Implement --smp-threads-per-core option
Currently, Nanos++ can only bind one thread to one CPU (hwthread).
With SMT processors, we want to limit the number of threads per core (that could be done with --binding-stride
), but still making full use of the core by binding the thread to a subset of hwthreads inside the core.

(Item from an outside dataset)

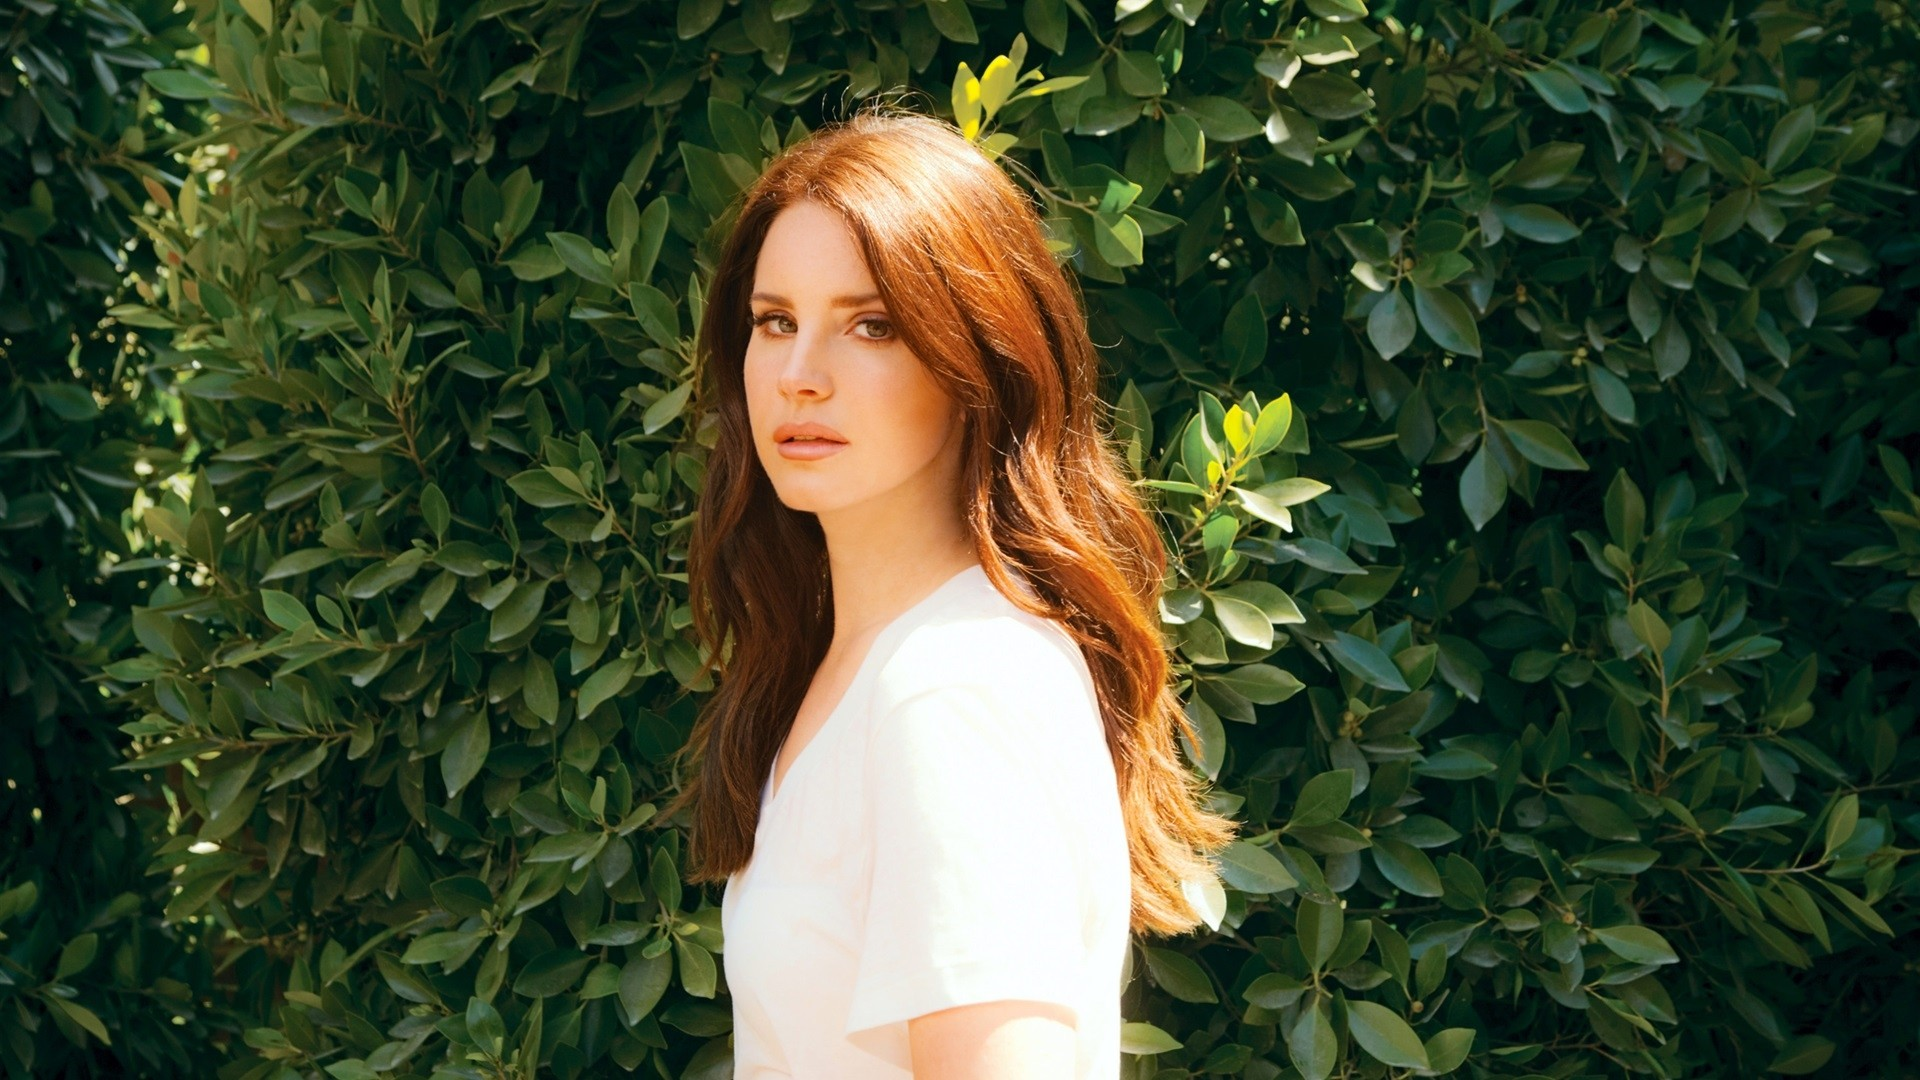 Lana Del Rey wallpaper photo hd

The new option --smp-threads-per-core
will allow to reduce the threads created per core and bind those threads to multiple hwthreads.
Example (2 cores SMT-4):
$ lstopo
...
L1d L#0 (32KB) + L1i L#0 (32KB) + Core L#0
PU L#0 (P#0)
PU L#1 (P#1)
PU L#2 (P#2)
PU L#3 (P#3)
L1d L#1 (32KB) + L1i L#1 (32KB) + Core L#1
PU L#4 (P#4)
PU L#5 (P#5)
PU L#6 (P#6)
PU L#7 (P#7)
...
$ NX_ARGS="--smp-threads-per-core=1 --verbose" ./app
...
[0]Binding thread 0 to cpus [0-3]
[1]Binding thread 1 to cpus [4-7]
...
$ NX_ARGS="--smp-threads-per-core=2 --verbose" ./app
...
[0]Binding thread 0 to cpus [0,1]
[1]Binding thread 1 to cpus [2,3]
[2]Binding thread 2 to cpus [4,5]
[3]Binding thread 3 to cpus [6,7]
...
$ NX_ARGS="--verbose" ./app
...
[0]Binding thread 0 to cpus [0]
[1]Binding thread 1 to cpus [1]
[2]Binding thread 2 to cpus [2]
[3]Binding thread 3 to cpus [3]
[4]Binding thread 4 to cpus [4]
[5]Binding thread 5 to cpus [5]
[6]Binding thread 6 to cpus [6]
[7]Binding thread 7 to cpus [7]
...